Thursday, March 11, 2004
(6:51 PM) | Adam Kotsko:
Oedipus and the Other: A Derrida Post
I'm having trouble getting a word in edgewise lately in class. It's part of the same retiring nature that makes me such an already-taken-chick magnet (or so I'm told). Anyway, in Derrida class, the last two books we've read are Of Hospitality and Adieu to Emmanuel Levinas. I'm well aware that Levinas isn't cool anymore, or if he's still cool, it's just because people don't realize that he's already obsolete. I know all of that, and I accept it. The very existence of this post is a betrayal of Slavoj Zizek, and perhaps of Jesus Christ himself (certainly Paul, if nothing else).
Still, I found myself deeply enjoying Adieu and, in particular, wondering what he's doing with Levinas and psychoanalysis. This only shows up explicitly in two spots, as far as I can tell, and here's the first:
An apparent paradox: anarchy, true anarchy, must be paternal--as the only effective protestation against the "tyrrany of the State." Pre-originary hospitality, anarchic goodness, infinite fecundity, and paternity might still give way to allergy [Levinas's word for a hostile reaction to the Other]. This happens almost all the time and it entails forgetting, denying, or repressing what comes before the origin, according to the common experience of history. This negativity of repression would always remain, according to Levinas, secondary--even if it were an originary repression, as is said in the psychoanalytical code of which Levinas is wary. In its originary secondariness, it would still attest, as if in spite of itself, to the very thing it forgets, denies, or represses, so that inhospitality, allergy, war, etc. would still come to bear witness to the fact that everything begins with their contrary, that is, with hospitality. (95)
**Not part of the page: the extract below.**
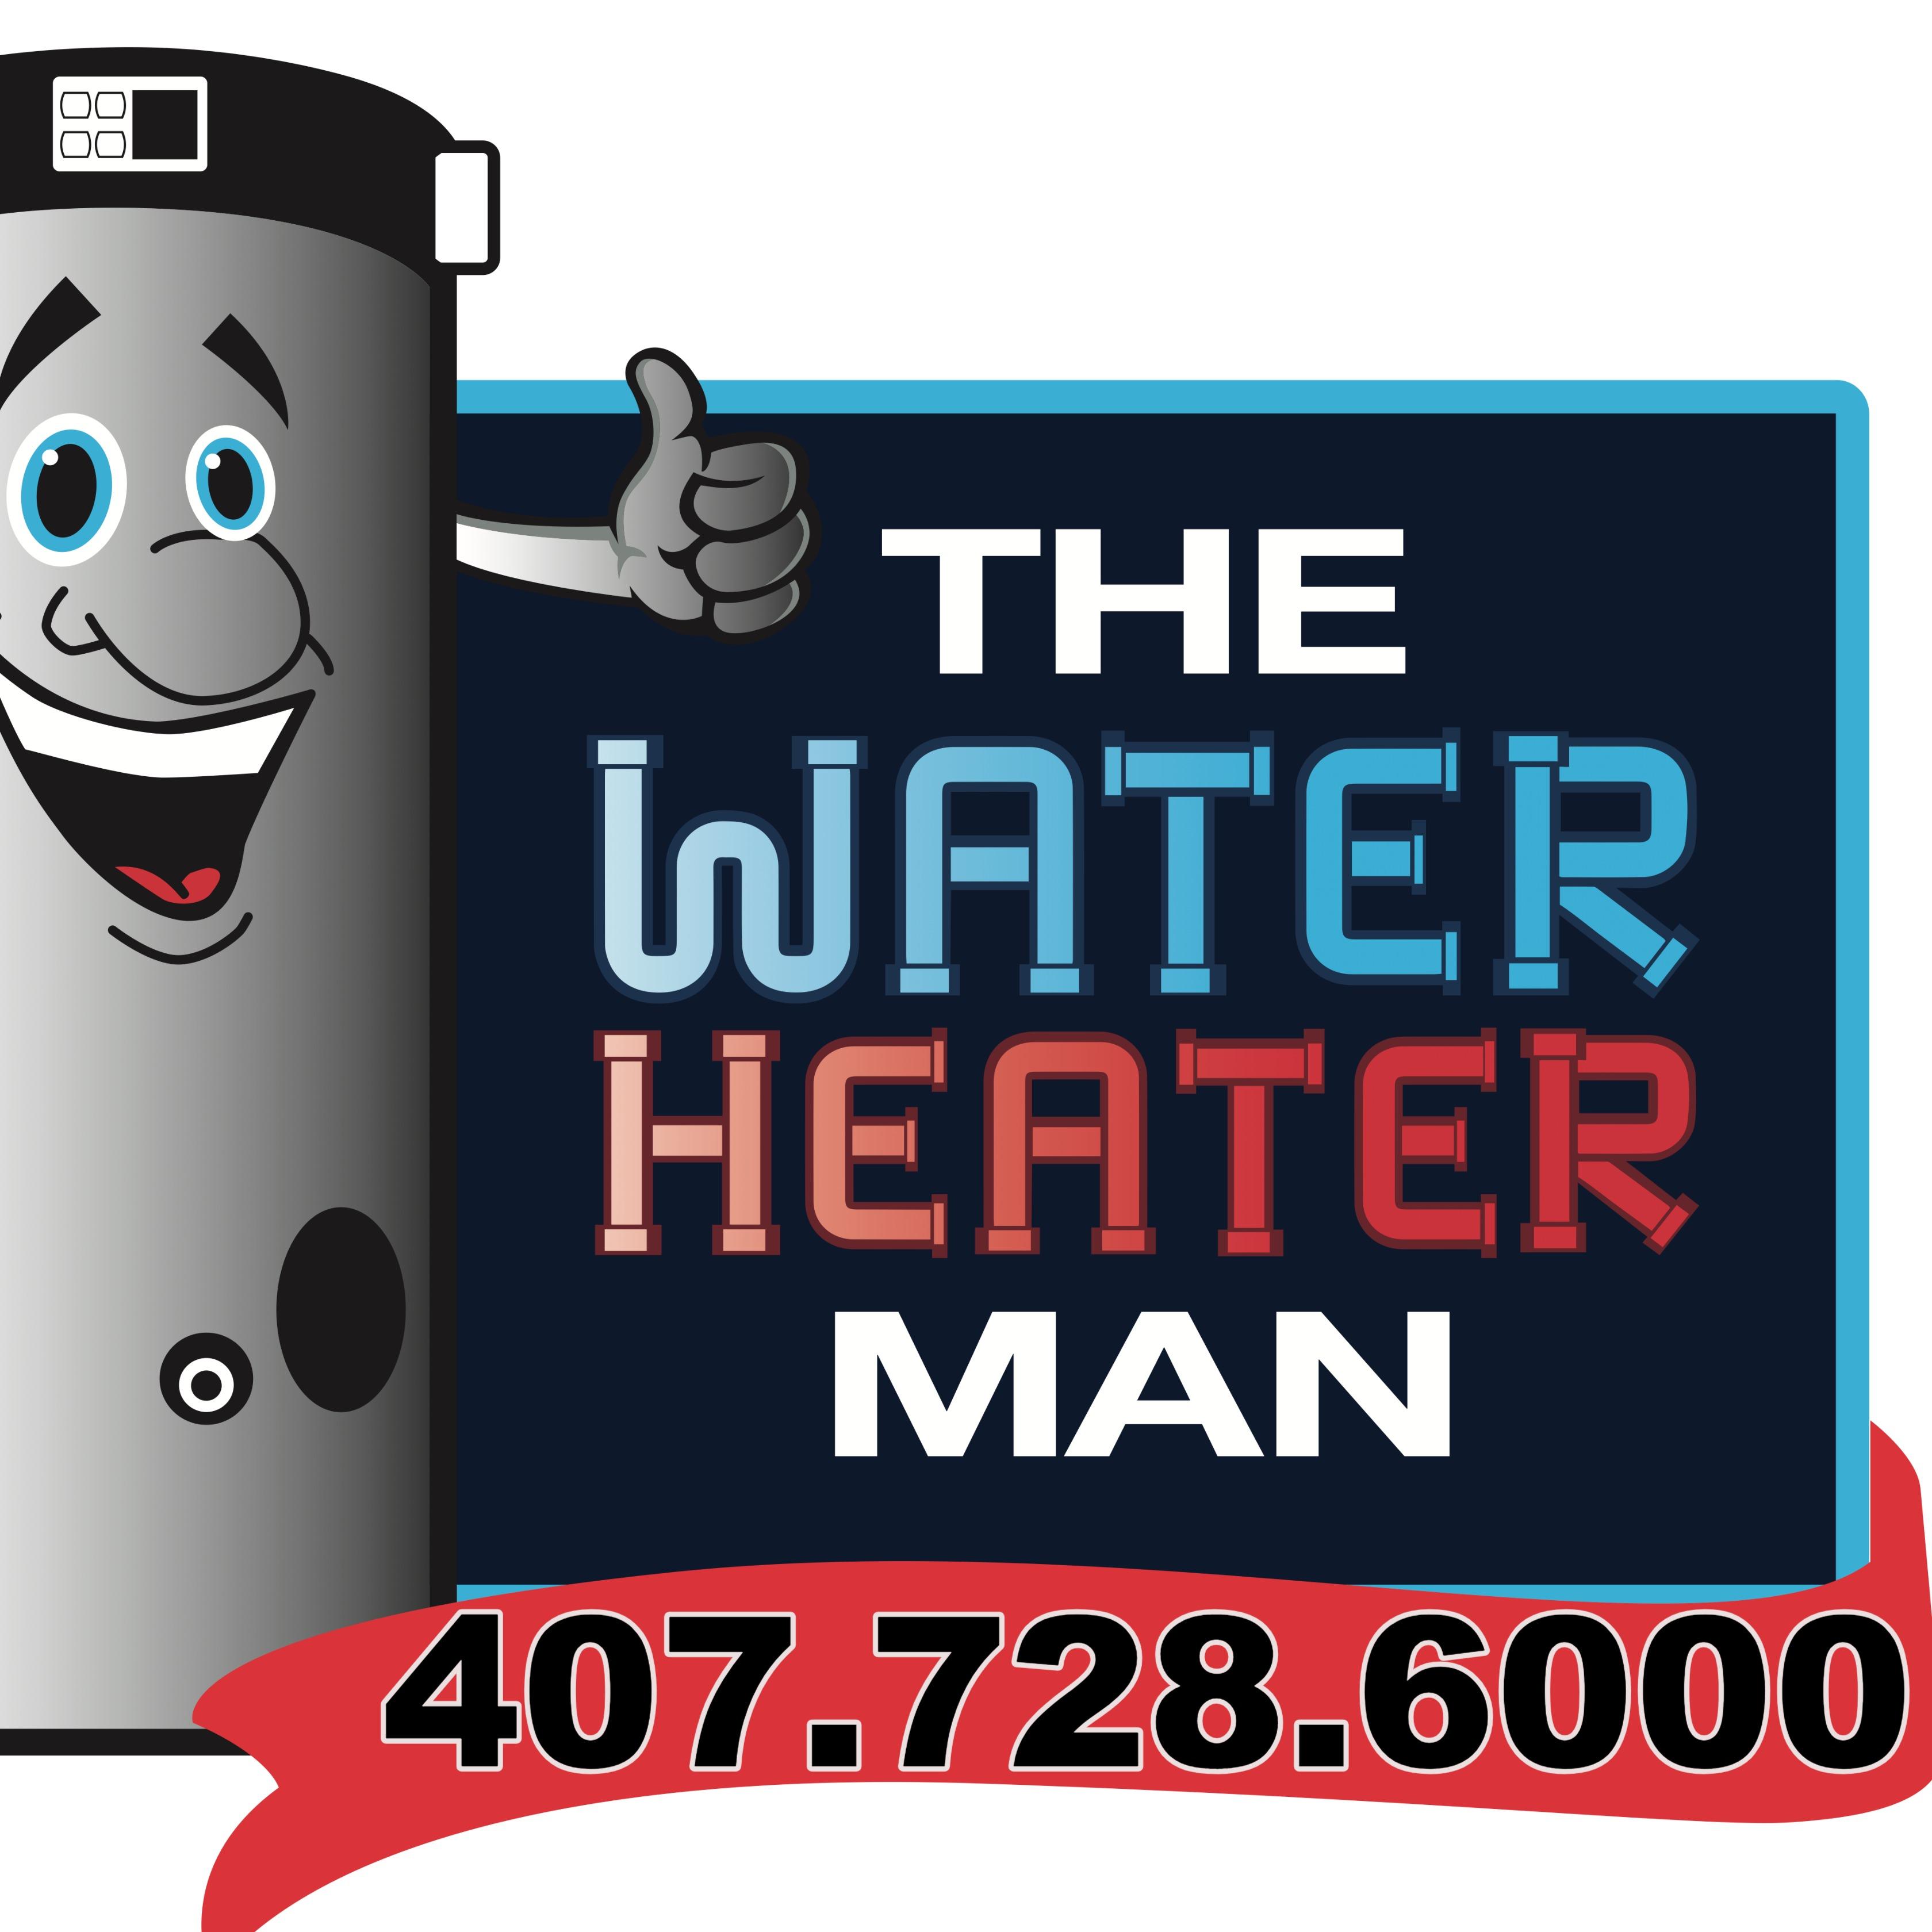 Water Heater Man Logo

I'm sure I've alienated at least a few readers. I press on: in this passage, Derrida is contrasting Levinas's position with that of Kant in "Perpetual Peace." For Kant, war is the natural state, so that peace can only be "instituted" through treaties among sovereign states (just as the perpetual war of all against all is turned into "peace" by handing over all violence to the state). Derrida points out that an instituted peace would always carry with it the threat of enforcement and would thus never become a "pure" peace. For Levinas, however, war is never "pure" war, because it attests to the primordial hospitality of the face-to-face. The state of nature is peace. Where did war come from, then?
And what exactly is the father doing in this paragraph? In the psychoanalytic code of which Levinas was so suspicious, the primordial father represents sheer violence, absolute threat. The peace of the household is like Kant's perpetual peace, with a simmering undercurrent of war or the desire of war -- the son kept in control by the threat of castration, the father the object of his son's hateful gaze. It's known as the Oedipus complex. And strangely enough, in Of Hospitality (published in the same year as Adieu), the guest, the refugee, par excellence is none other than Oedipus himself. Certainly it's a displaced Oedipus, not the canonical Oedipus of Oedipus Rex, but the oft-overlooked one of Oedipus at Colonus -- but Oedipus nonetheless, the criminal par excellence, who can hardly keep up with the questions of those who are fascinated by his crimes.
Coming back to Adieu, we find a discussion of the biblical cities of refuge, which are to welcome those who have murdered inadvertantly. It's only a temporary refuge; the muder is not simply forgiven:
For the objective or involuntary murder does not have to be totally excused. Levinas insists on this double finality. Indeed, it is there to remind us that there is no real discontinuity between voluntary and involuntary murder. Sometimes invisible, always to be deciphered, this continuity forces us to infinitize our responsibility: we are also responsible for our lack of attention and for our carelessness, for what we do neither intentionally nor freely, indeed, for what we do unconsciously--since this is never without significance. (108)
Now all I need to do is re-read Totality and Infinity, then "Violence and Metaphysics," tracing both of them for psychoanalytic stuff -- then see what exactly Derrida is trying to do by hinting at psychoanalytic concepts at the most crucial, but also the most difficult to understand, areas of Levinas's thought. Perhaps a rapproachment between phenomenology and psychoanalysis is on the horizon -- if only the Lacanians could figure out a way to stop being so damn particularistic. (Oh, wait -- it's the Derrideans who are so idolatrous of their Master. It's so hard to keep track of this stuff.)